We have a schema with many interfaces and wanted to achieve two goals:

  1. It should be possible to efficiently selecting very common interfaces in Cypher without OR-ing together a large number of labels.
  2. The library tends to unnecessarily build large UNIONs, often nested, which results in long query planning times and giants query plans that execute slowly, too.

We have addressed this for our case like this:

  1. We preprocess our schema from a meta-schema. Here we declare, amongst other things, which interfaces should get a neo4j label and which should not. We do this to strike a balance between adding to many labels for neo4j to pack them in the bitfield and between having long selectors for base interfaces.
  2. Some types can also have a composite label where the combination of labels identifies the type.
  3. We add a field mainType to certain (most) types that redundantly stores the type of the node (via a populatedBy). This is done in order to easily be able to determine the type of the node even if base interface labels are present and without having to look at the schema and more importantly without having to add a string literal in the __resolveType property for reasons that are explained below.
  4. We then add a LabelManager to the application (not the library, passing it in the context object) that knows how to build short node selectors (such as "A", "B", "B&C" or "I1&I2") given a type or interface. It does so based on the labels available for each type and looking up or down the hierarchy. This code is not included because it is not in the library and could be implemented differently.
  5. The LabelManager also indicates if the mainType property is known to be present on any specific type.

These changes are made, amongst other reasons, in order to be able to make each branch of a UNION as similar as possible and possibly identical. If an interface is queried, we can try to instead use a common label or common expression (if no label is available). Likewise we can replace __resolveType with the mainType property. This is usually enough to make the code in different UNION branches identical. If a "... on Foo" notation is used or perhaps in other cases such as authorisation or whatever, the code may differ. We then check all cases that are identical and collapse those cases to a single one and leave the other cases in place, excluding the combined ones using a predicate.

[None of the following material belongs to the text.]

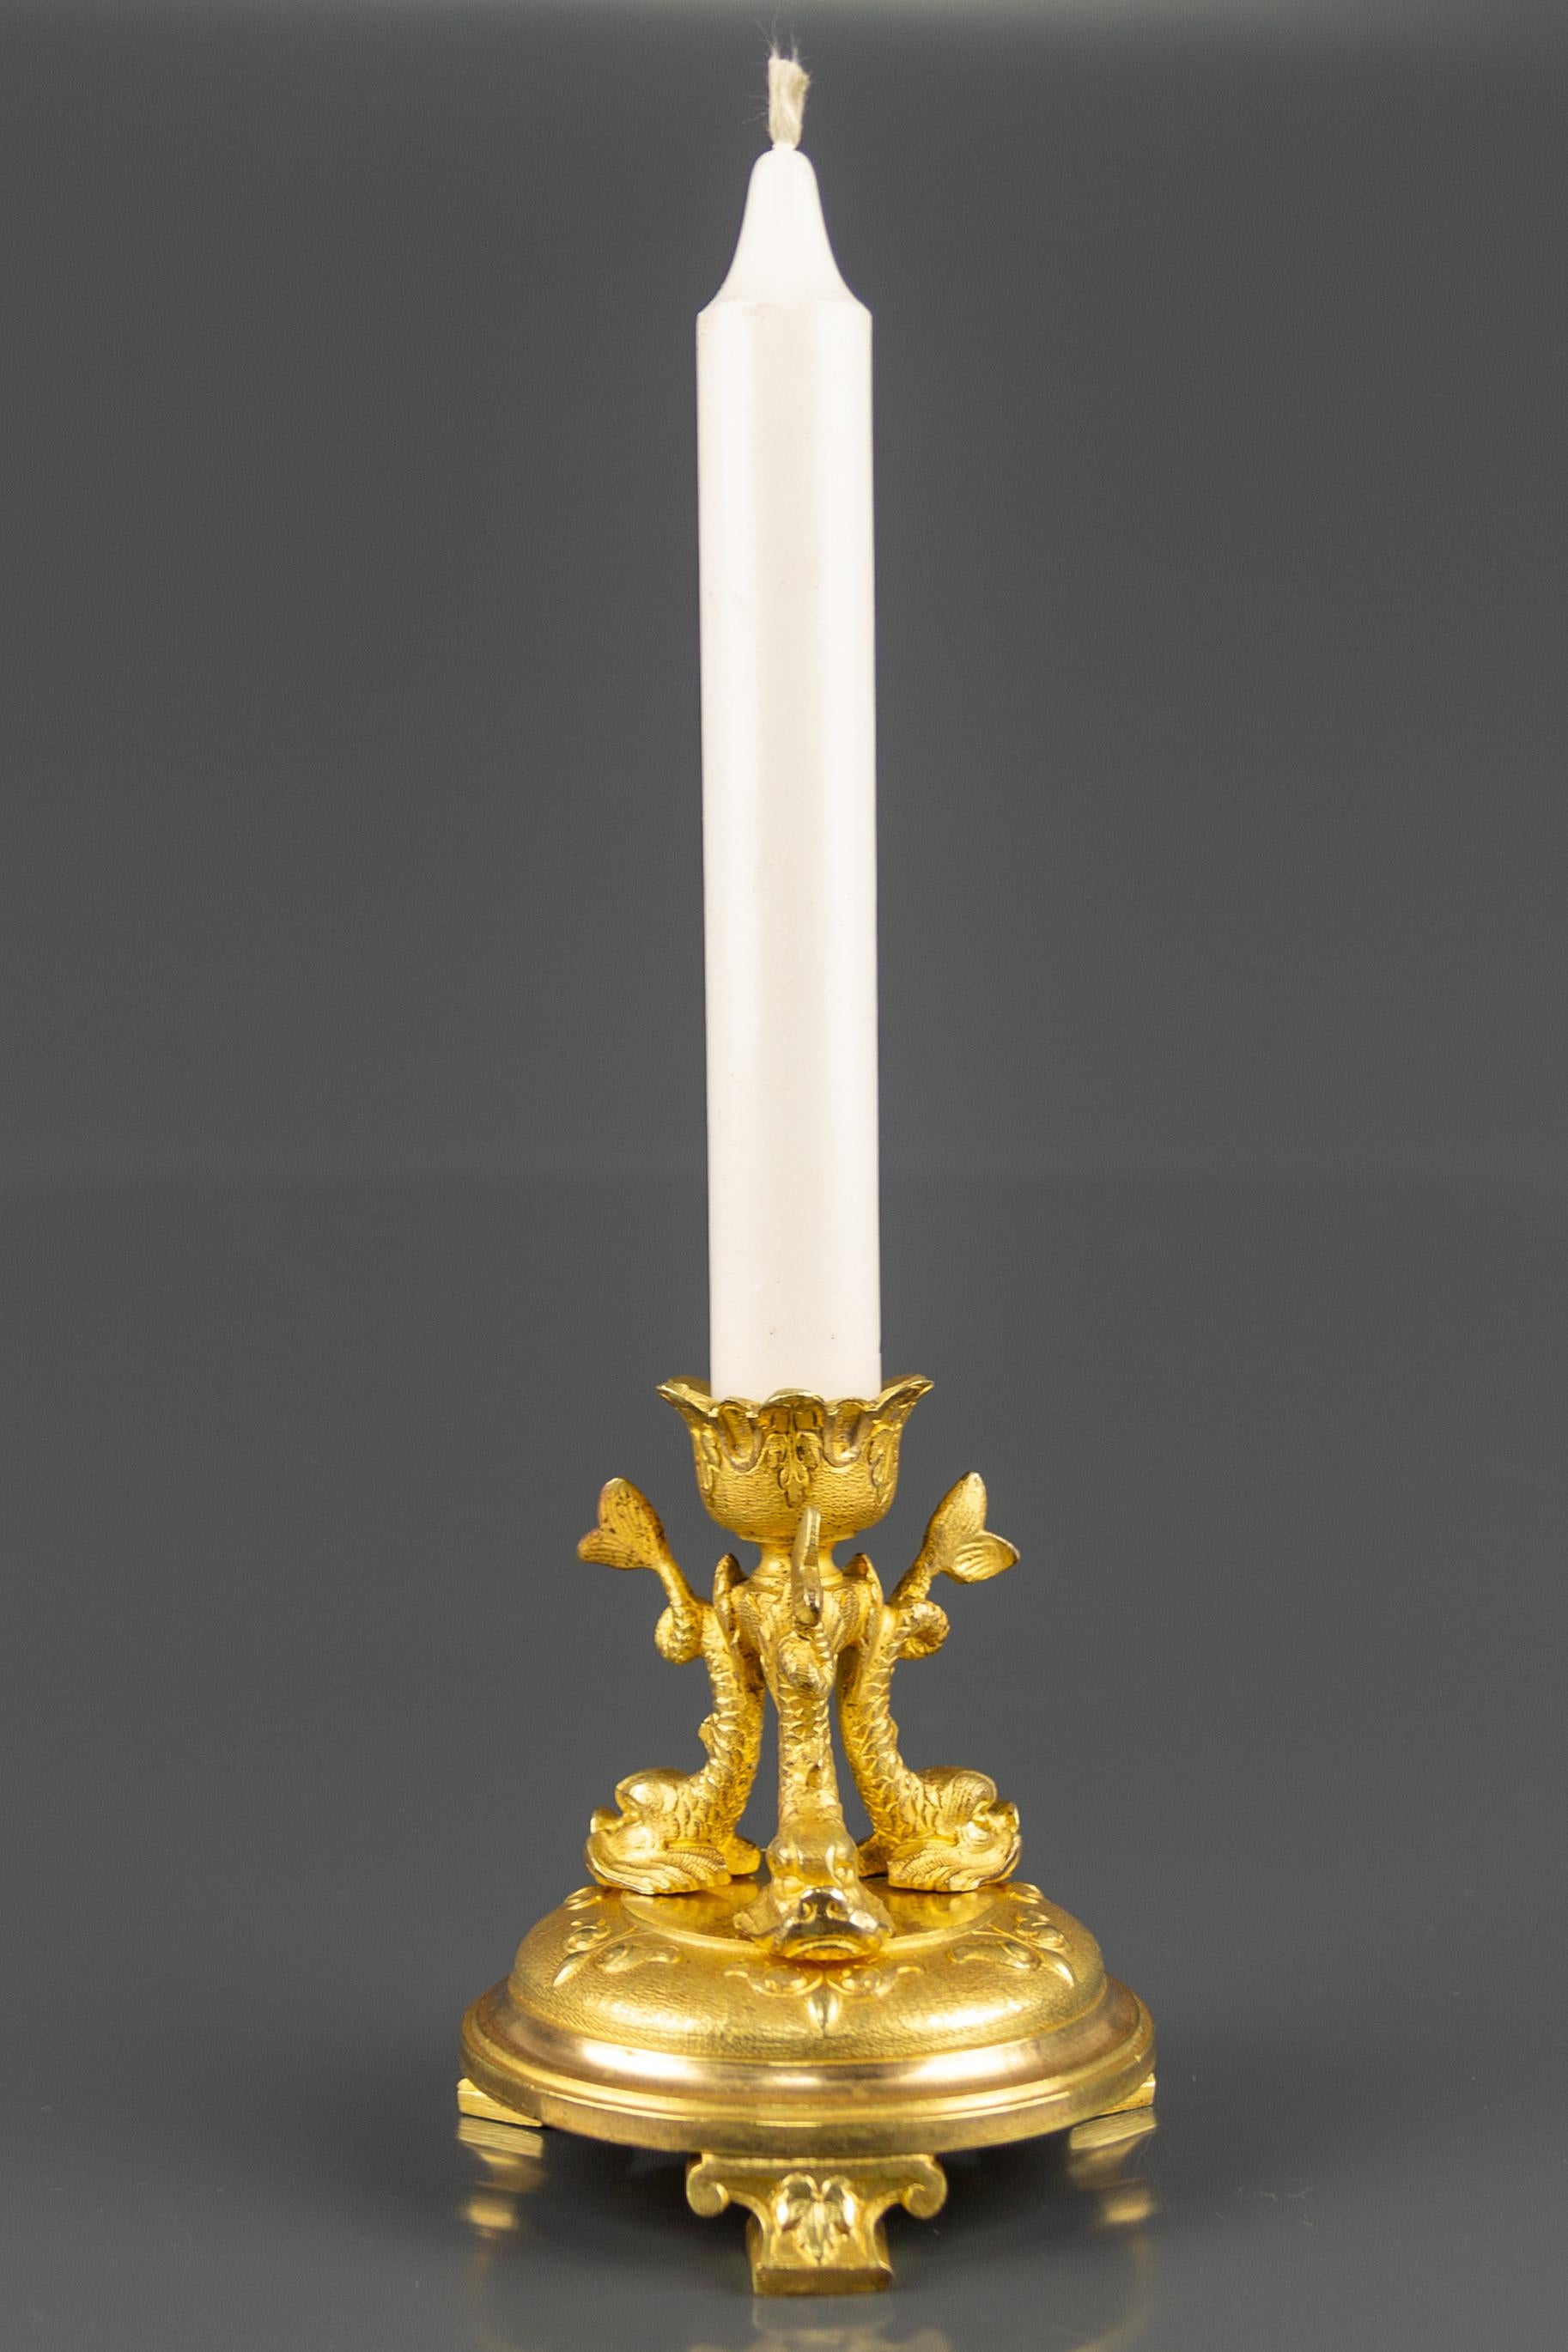 An adorable French gilt bronze candlestick on a circular base with leaves decorations. The candle cup is held by three finely detailed dolphins.
Dimensions: diameter of the base 10 cm / 3.93 in; height 11 cm / 4.33 in.
  

In practice this sometimes brings the original execution time down from 5 seconds to 100ms, especially due to long query planning times. A drawback is that the query generation itself is inefficient, because the query has to be built twice and recursively before being compressed and we only compare the resulting Cypher string which is robust but again not efficient. Since there is no cache in the library this is not optimal.

Nevertheless it is still much better for our cases and a negligible cost.

The patched library is a drop-in replacement because it will not have an effect unless the labelManager is present on and does not expose any new APIs.

Although I don't really have any hope that this MR will be merged, perhaps it can provide some useful ideas for the future that may help to improve the query generation for interfaces to a point where the fork is no longer necessary and can be dropped.

…erfaces

# Conflicts:
#	packages/graphql/src/translate/create-projection-and-params.ts
#	packages/graphql/src/translate/queryAST/ast/operations/ReadOperation.ts
#	packages/graphql/src/translate/queryAST/ast/operations/composite/CompositeReadOperation.ts
#	packages/graphql/src/translate/queryAST/ast/operations/composite/CompositeReadPartial.ts
@changeset-bot
Copy link

changeset-bot bot commented Jan 24, 2024

⚠️ No Changeset found

Latest commit: 5e52353

Merging this PR will not cause a version bump for any packages. If these changes should not result in a new version, you're good to go. If these changes should result in a version bump, you need to add a changeset.

This PR includes no changesets

When changesets are added to this PR, you'll see the packages that this PR includes changesets for and the associated semver types

Click here to learn what changesets are, and how to add one.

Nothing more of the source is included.